___ DATA FOR THE TASK

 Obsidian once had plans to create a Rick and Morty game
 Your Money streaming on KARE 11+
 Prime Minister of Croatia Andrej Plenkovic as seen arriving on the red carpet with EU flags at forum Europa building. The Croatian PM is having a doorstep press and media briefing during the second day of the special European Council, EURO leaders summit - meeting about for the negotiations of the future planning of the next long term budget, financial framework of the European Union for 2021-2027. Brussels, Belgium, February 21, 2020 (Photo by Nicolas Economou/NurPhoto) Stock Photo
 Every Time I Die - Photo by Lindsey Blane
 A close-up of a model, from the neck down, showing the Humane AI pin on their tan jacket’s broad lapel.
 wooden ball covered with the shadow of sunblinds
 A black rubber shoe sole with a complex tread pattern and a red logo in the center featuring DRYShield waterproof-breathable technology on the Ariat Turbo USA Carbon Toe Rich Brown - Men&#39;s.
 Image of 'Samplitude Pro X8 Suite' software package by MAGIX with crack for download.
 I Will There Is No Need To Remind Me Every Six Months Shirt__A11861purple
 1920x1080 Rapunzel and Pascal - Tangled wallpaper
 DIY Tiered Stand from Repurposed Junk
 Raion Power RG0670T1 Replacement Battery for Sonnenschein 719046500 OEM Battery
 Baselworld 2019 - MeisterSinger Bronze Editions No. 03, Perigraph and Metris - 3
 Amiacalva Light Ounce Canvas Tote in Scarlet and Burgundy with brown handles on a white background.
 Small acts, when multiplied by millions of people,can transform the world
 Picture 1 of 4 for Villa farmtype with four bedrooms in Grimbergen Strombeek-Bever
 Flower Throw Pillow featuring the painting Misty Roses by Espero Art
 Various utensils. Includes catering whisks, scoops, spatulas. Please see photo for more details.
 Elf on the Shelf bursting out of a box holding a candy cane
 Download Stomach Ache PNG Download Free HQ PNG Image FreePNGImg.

______

PROBLEM TO WORK ON: Go through the entries and repeat each one exactly.

YOUR SOLUTION:
 Obsidian once had plans to create a Rick and Morty game
 Your Money streaming on KARE 11+
 Prime Minister of Croatia Andrej Plenkovic as seen arriving on the red carpet with EU flags at forum Europa building. The Croatian PM is having a doorstep press and media briefing during the second day of the special European Council, EURO leaders summit - meeting about for the negotiations of the future planning of the next long term budget, financial framework of the European Union for 2021-2027. Brussels, Belgium, February 21, 2020 (Photo by Nicolas Economou/NurPhoto) Stock Photo
 Every Time I Die - Photo by Lindsey Blane
 A close-up of a model, from the neck down, showing the Humane AI pin on their tan jacket’s broad lapel.
 wooden ball covered with the shadow of sunblinds
 A black rubber shoe sole with a complex tread pattern and a red logo in the center featuring DRYShield waterproof-breathable technology on the Ariat Turbo USA Carbon Toe Rich Brown - Men&#39;s.
 Image of 'Samplitude Pro X8 Suite' software package by MAGIX with crack for download.
 I Will There Is No Need To Remind Me Every Six Months Shirt__A11861purple
 1920x1080 Rapunzel and Pascal - Tangled wallpaper
 DIY Tiered Stand from Repurposed Junk
 Raion Power RG0670T1 Replacement Battery for Sonnenschein 719046500 OEM Battery
 Baselworld 2019 - MeisterSinger Bronze Editions No. 03, Perigraph and Metris - 3
 Amiacalva Light Ounce Canvas Tote in Scarlet and Burgundy with brown handles on a white background.
 Small acts, when multiplied by millions of people,can transform the world
 Picture 1 of 4 for Villa farmtype with four bedrooms in Grimbergen Strombeek-Bever
 Flower Throw Pillow featuring the painting Misty Roses by Espero Art
 Various utensils. Includes catering whisks, scoops, spatulas. Please see photo for more details.
 Elf on the Shelf bursting out of a box holding a candy cane
 Download Stomach Ache PNG Download Free HQ PNG Image FreePNGImg.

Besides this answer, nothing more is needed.